Only this year we know it will never begin,
None will come but those
Like us, to say goodbye, sisters to brothers,
Lovers to lovers.

This quiet deserted year
We saw Newgale sands as men
Shipwrecked see the waiting island,
Two miles of bay still wet
At midday from the morning tide
Under the thick English summer sky
Which only lets the warmth through not the sun;
There was a noon tide bearing on the land
The unremitting roar
Of endless breakers racing
With furious hair after the fretted surf
Scattered like whitened bones on the flat sand......"

-Joan Barton

(Published in 'Shadows of War- British Women's Poetry of the Second World War, edited and introduced by Anne Powell, Sutton Publishing, 1999).

 Joan Barton evokes the deserted holiday resort of Newgale Sands. also looking at the notion of the Sea being hostile , or at the very best, indifferent to the affairs of men. Interesting that there is no sense of the sea being a defence against invasion .....but the poet is describing a West facing port. If this was a South coast port, the beach would be cluttered with defences and travel restriction imposed.  'The unremitting roar/ Of endless breakers'  reads like a strange allusion to the waves of bombers who are to come.  The image of the 'fretted surf/Scattered like whitened bones '.....is haunting.



Notes on the Poets.

Bertolt Brecht

I can't find a full  online version of the poem '1940' . I have used 'Poetry of the Second World War-An International Anthology' edited by Desmond Graham, 'Chatto & Windus', 1995.
Verse VI of 1940    is much quoted generally, but a bit too clever for my liking.

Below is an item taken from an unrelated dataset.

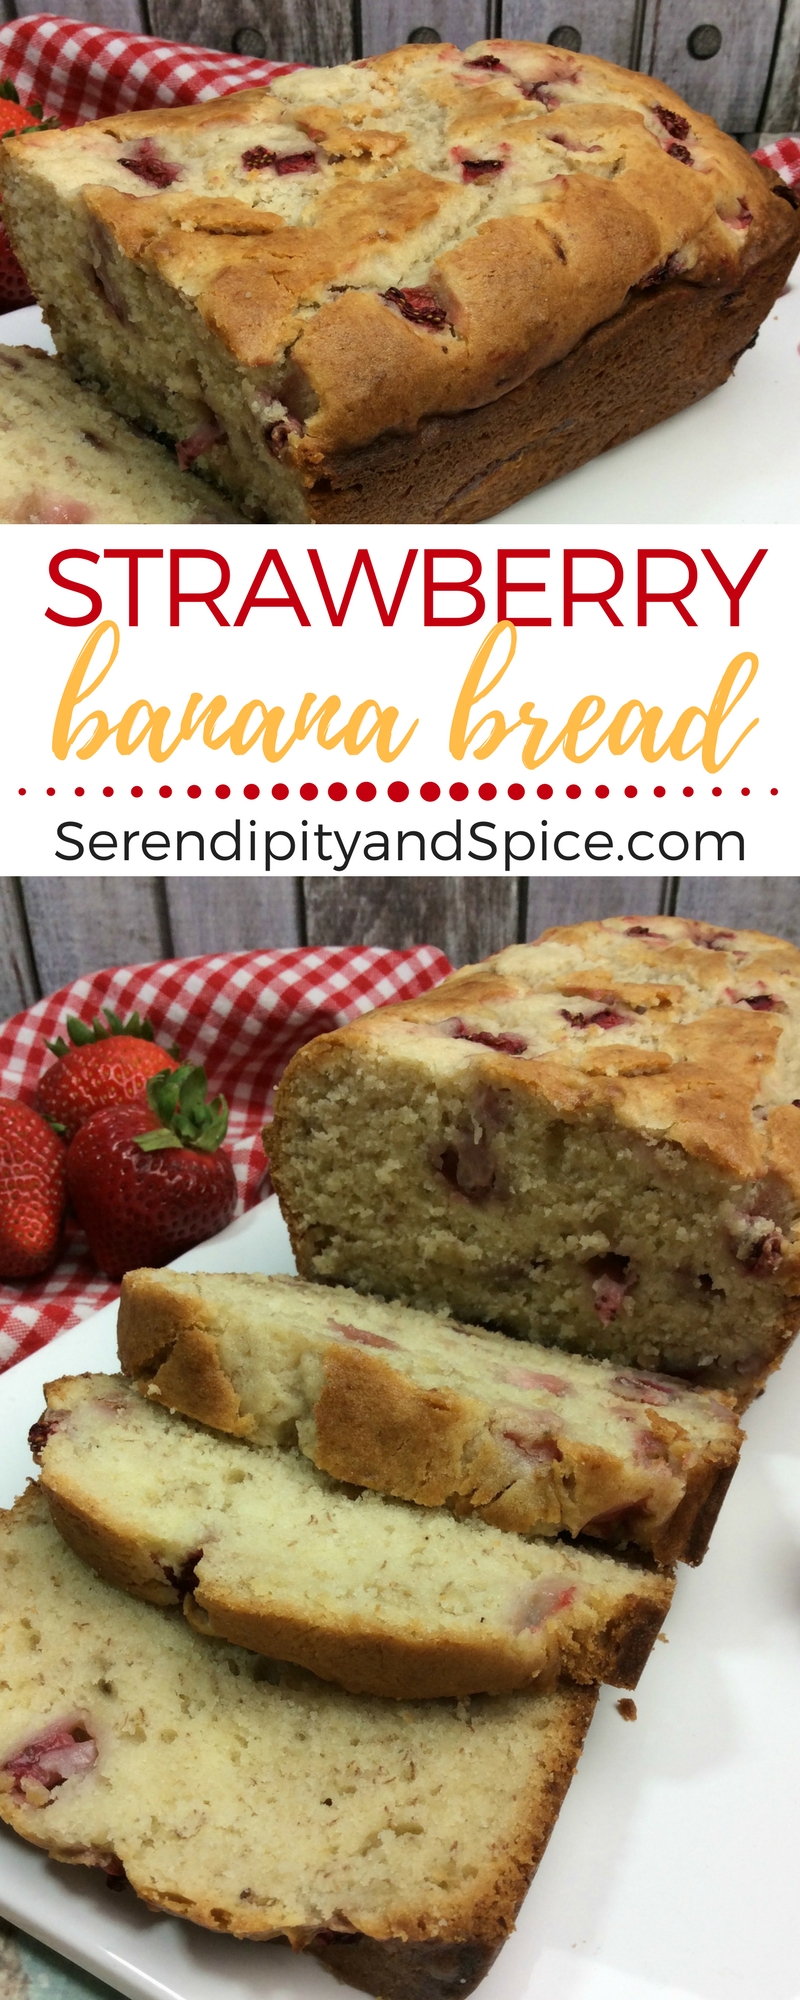 strawberry banana bread 1 Strawberry Banana Bread Recipe This Strawberry Banana Bread Recipe is a family favorite.  The sweet taste of banana bread with the tart addition of strawberries makes this Strawberry Banana Bread an easy recipe perfect for breakfast or dessert! A perfect recipe to bake with kids....baking with kids...

Lilian Bowes-Lyon   (1895- 1949)

Cousin to Elizabeth the late Queen Mother. served as a VAD nurse in World War 1. Had some five collections of poetry published along with a 'Collected Works' in 1948.   Worked with the people of Stepney during World War 2.

Excellent article The Queen Mother's Rebel Cousin by East End historian Roger Mills


Prudence Macdonald 

Little information found - a collection of her work 'No Wasted Hour & Other Poems' was published in 1945.

Joan Barton  ( 1908- 1986)

Involved with the Women's Land Army during World War 2,  Set up a bookshop in 1947 in Marlborough,  and continued to write poetry  , sometimes read her work on radio. Seems to have had several collections of poetry published, most notably 'A House under Old Sarum- New and Selected Poems',  Harry Chambers/Peterloo Poets, 1981.